Developmental Biology/Cardiac & Pulmonary Development
Developmental Biology/Cardiac & Pulmonary Development 1
Gaston Ofman, MD
University of Oklahoma Health Sciences Center
oklahoma City, Oklahoma, United States
Young adults born preterm have reduced cardiac bi-ventricular volume and function contributing to a 17-fold increased risk of heart failure and reduced exercise tolerance. Mitochondria are key for a normal fetal-neonatal cardiac transition, but mitochondria biogenesis does not occur until the last weeks of pregnancy. In addition, hyperoxia is a major contributor of diseases of prematurity. Yet, there is limited knowledge on the effects of this factors in cardiac disease of prematurity.
Objective:
To study the effects of limited cardiac mitochondria pool and hyperoxia exposure on the fetal-neonatal cardiac transition.
Design/Methods:
To assess limited cardiac mitochondrial capacity at birth, we generated mice with cardiomyocyte deletion of Transcription Factor A (TFAM-KO), known to regulate mitochondrial number. Cardiac function and structure were assessed as young adults at P50.
To study the effects of neonatal hyperoxia, Sprague-Dawley pups were exposed to room air (controls) or 80% O2 at postnatal days 1 to 14. Mitochondrial oxygen consumption rate (OCR) and hydrogen peroxide (H2O2) production was assessed in fresh left ventricular fibers at P14 and at P105.
Results:
TFAM-KO mice survive into young adulthood but develop heart failure characterized by reduced ejection fraction and cardiac output (Fig. 1A). TFAM-KO mice also exhibit increased enlarged hearts, resembling cardiac changes seen in preterm born individuals (Fig. 1B). Cardiomyocyte mitosis was found to be increased in TFAM-KO mice (fig. 1C).
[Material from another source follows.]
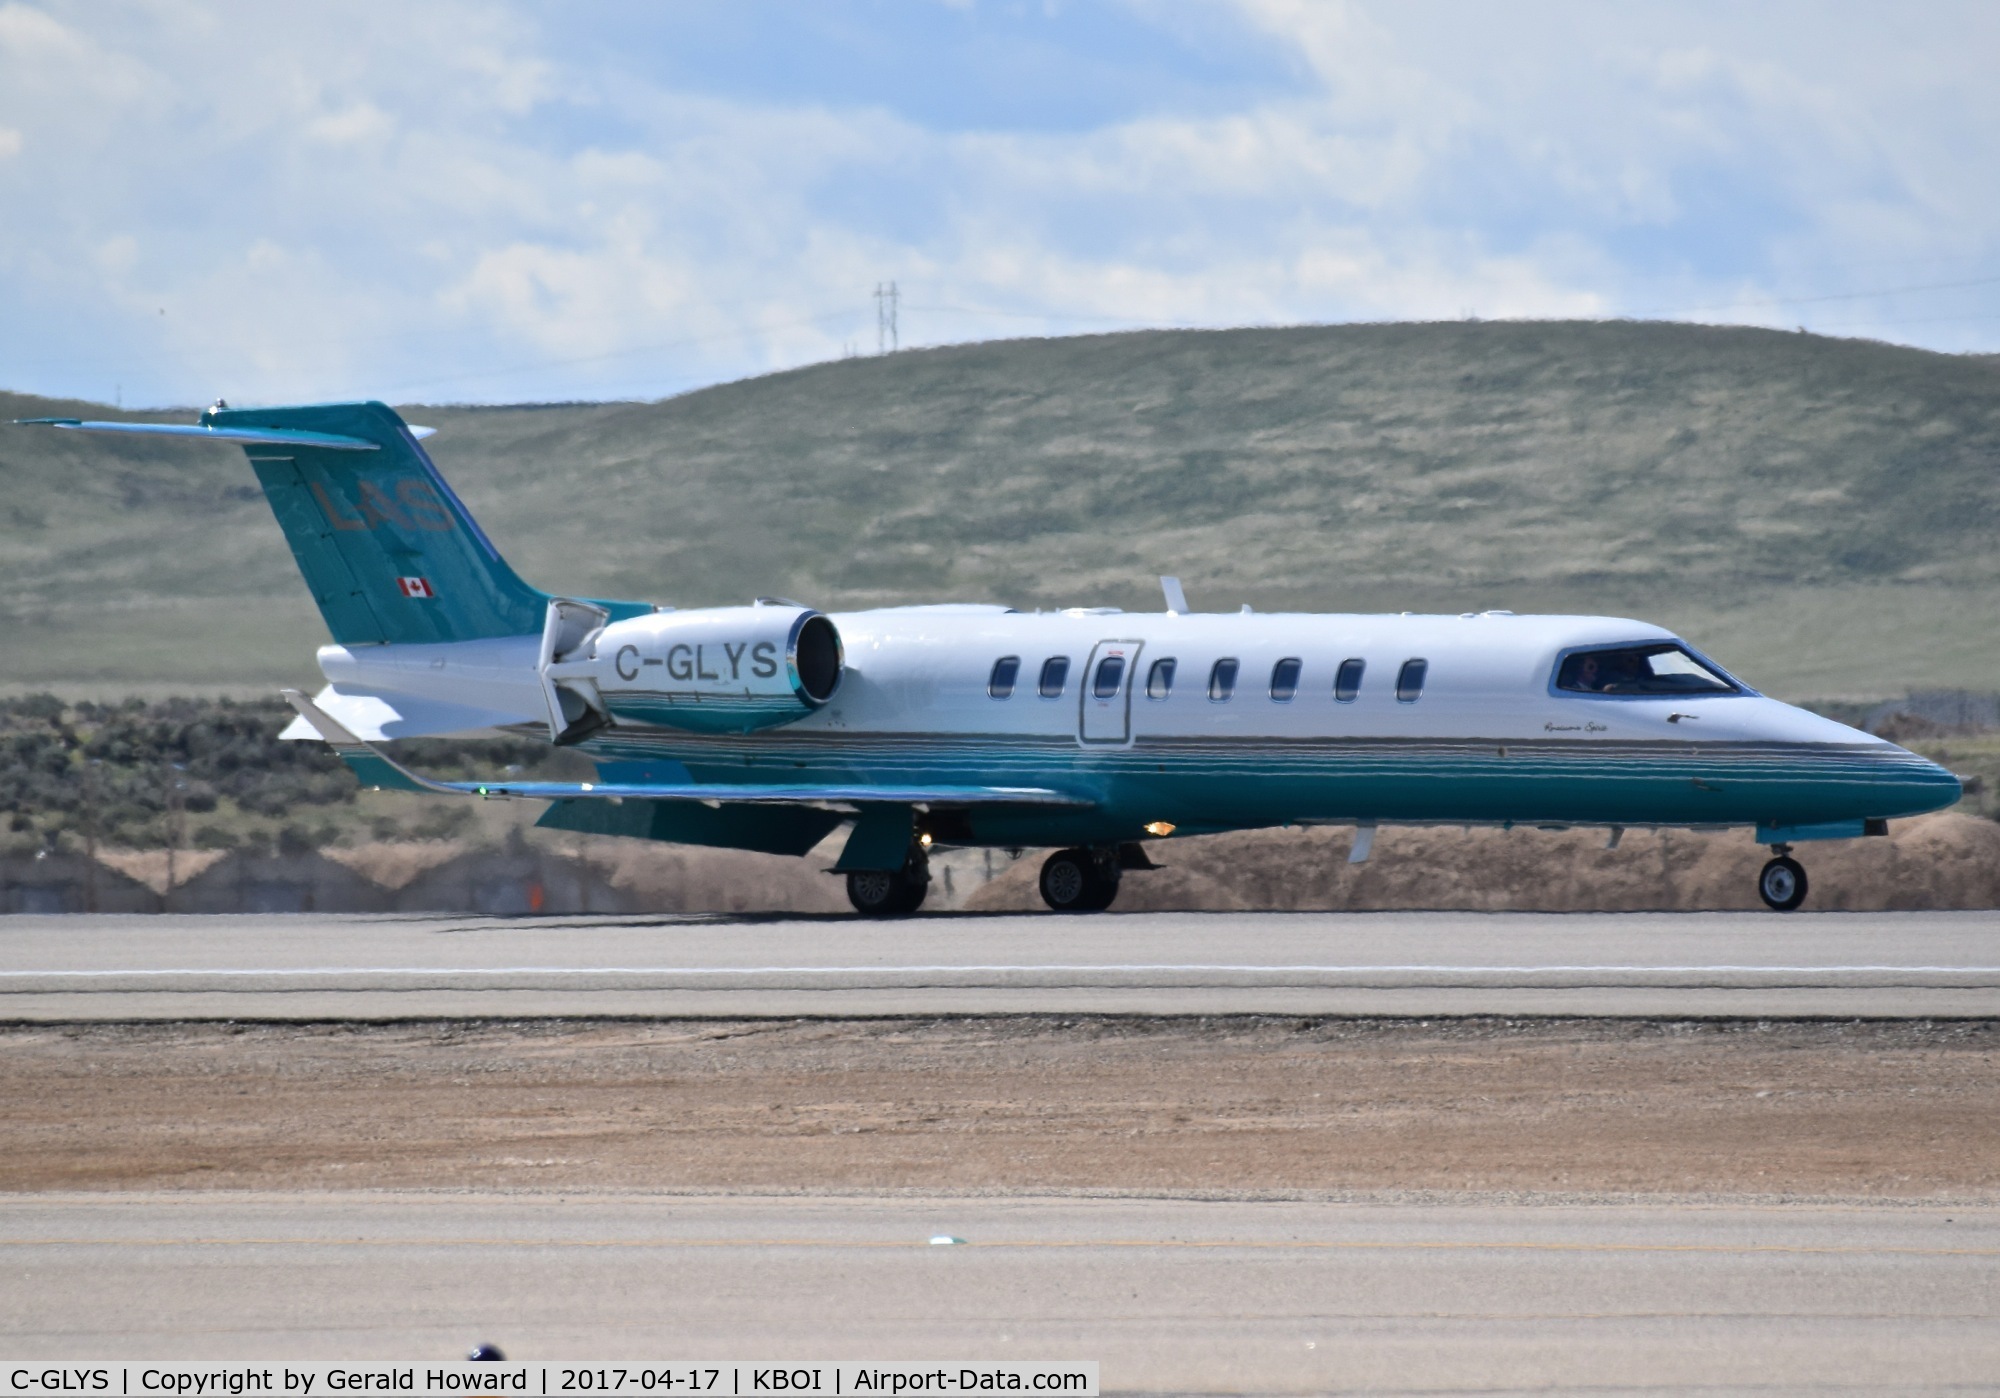 C-GLYS, 2013 Learjet 45 C/N 45-465, Landing on RWY 28R.

Hyperoxia exposed rats had heavier hearts at P14 that resolved at P105 (Figure 2A). Hyperoxia exposed pups showed an increase OCR compared to control P14 pups that was mainly driven by complex IV (Fig 2B). OCR in P105 female rats remained higher but decreased in males (Fig 2C). Hyperoxia exposed rats generated a significantly increase level of H2O2 than control hearts at P14 that only persisted in females at P105 (Figure 3). Mitochondria integrity, fusion and fission measured by Mitofussin-1, mitofussin-2, OPA1 were not altered between the 2 groups.
Conclusion(s):
When born with limited cardiac mitochondria pool, mice develop cardiac disease similar to those of preterm babies with worsening ventricular function and enlarged hearts. In addition, hyperoxic exposed rats exposed P14 exhibit an increase OCR and elevated production of ROS that persisted in females at P105 with males having less OCR at P105. When completed, this studies will reveal the effects of mitochondria and hyperoxia on the neonatal heart allowing for possible future interventions to prevent heart disease of premature children.